= Joseph McKenzie =

Scottish photographer

Joseph McKenzie (19 March 1929 – 5 July 2015) was a British photographer known as the "father of modern Scottish photography". He is known for his black and white images of post-war Scottish lives amid urban decay and redevelopment.

McKenzie was born in London in 1929. During the Second World War and afterwards until 1952, McKenzie served as a photographer in the Royal Air Force. Then from 1952 until 1954, he studied photography at the London College of Printing. He initially taught photography at Saint Martin's School of Art, and was later appointed as lecturer in photography at Duncan of Jordanstone College of Art and Design in Dundee where he worked until his retirement in 1986. His students nicknamed him the 'one shot wonder.' for his ability to capture the desired shot only using one frame.
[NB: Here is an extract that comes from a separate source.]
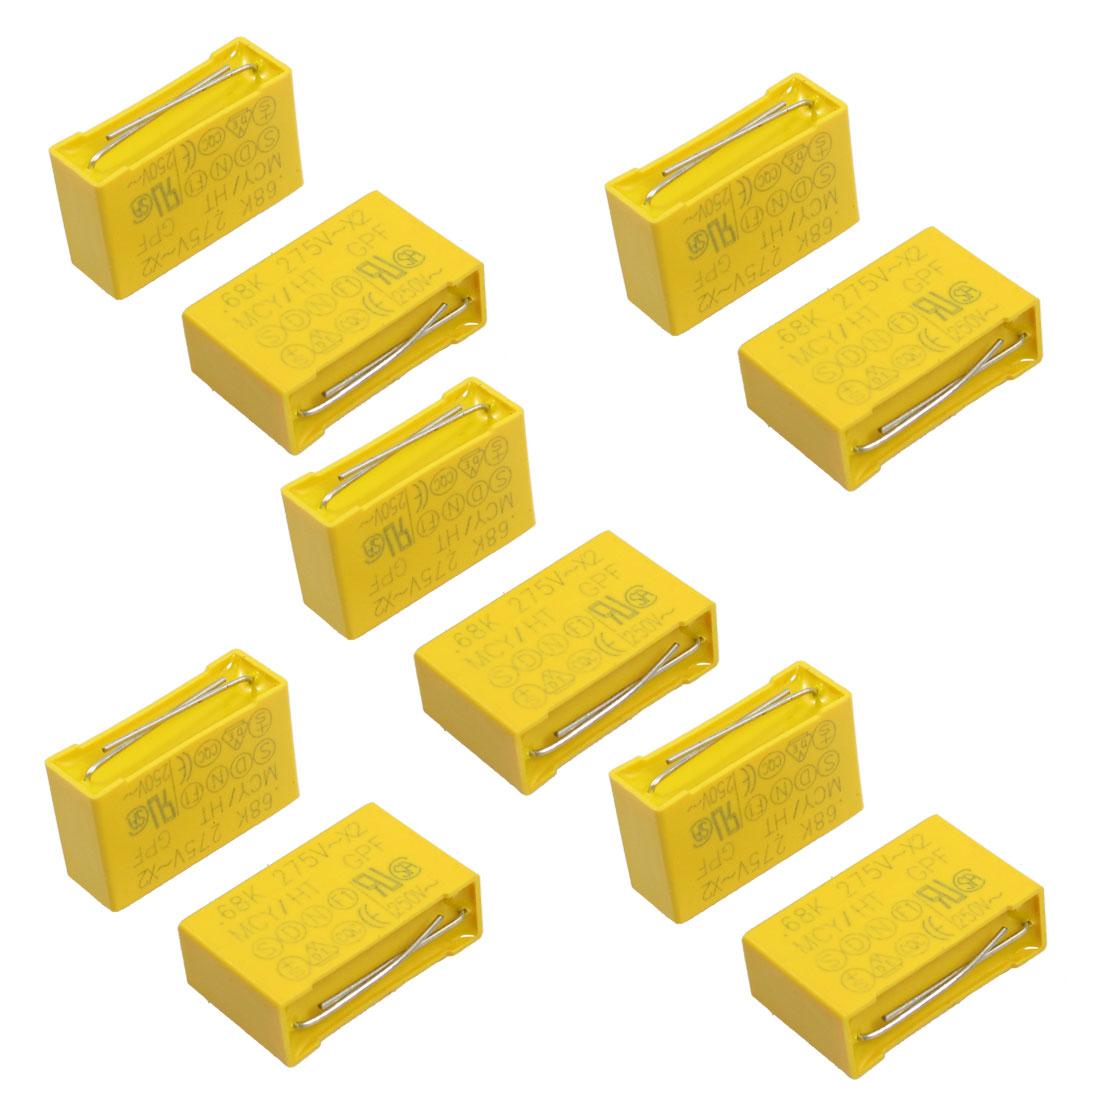 10 Pcs AC 275V 0.68uF X2 Series Polypropylene Film Safety Capacitors

Joseph developed and printed all his own work. He was very influential in developing documentary photography as an art in Scotland, and notably helping establish the careers of Calum Colvin and Albert Watson.

During the 1960s McKenzie's photography was exhibited widely throughout Scotland, with notably Glasgow Gorbals Children (1965), Dundee - A City in Transition (1966), Dunfermline and its People, Down among the Dead Men, Gorbals Revisited, and Caledonian Images (Scottish Arts Council, 1969). In 1970 his exhibition Hibernian Images created controversy in its depictions of the embattled lives of young people in Northern Ireland. Amid attempts to censor his work he then largely withdrew from public exhibitions.

A retrospective of his work was held at the Third Eye Centre in August 1987, and published in Pages of Experience; photographs 1947-1987. Another collection, Gorbals children: A Study in Photographs was published in 1990. In 1997 an exhibition, Witness to Mortality: Photographs by Joseph McKenzie was held at the Gallery of Modern Art, Glasgow.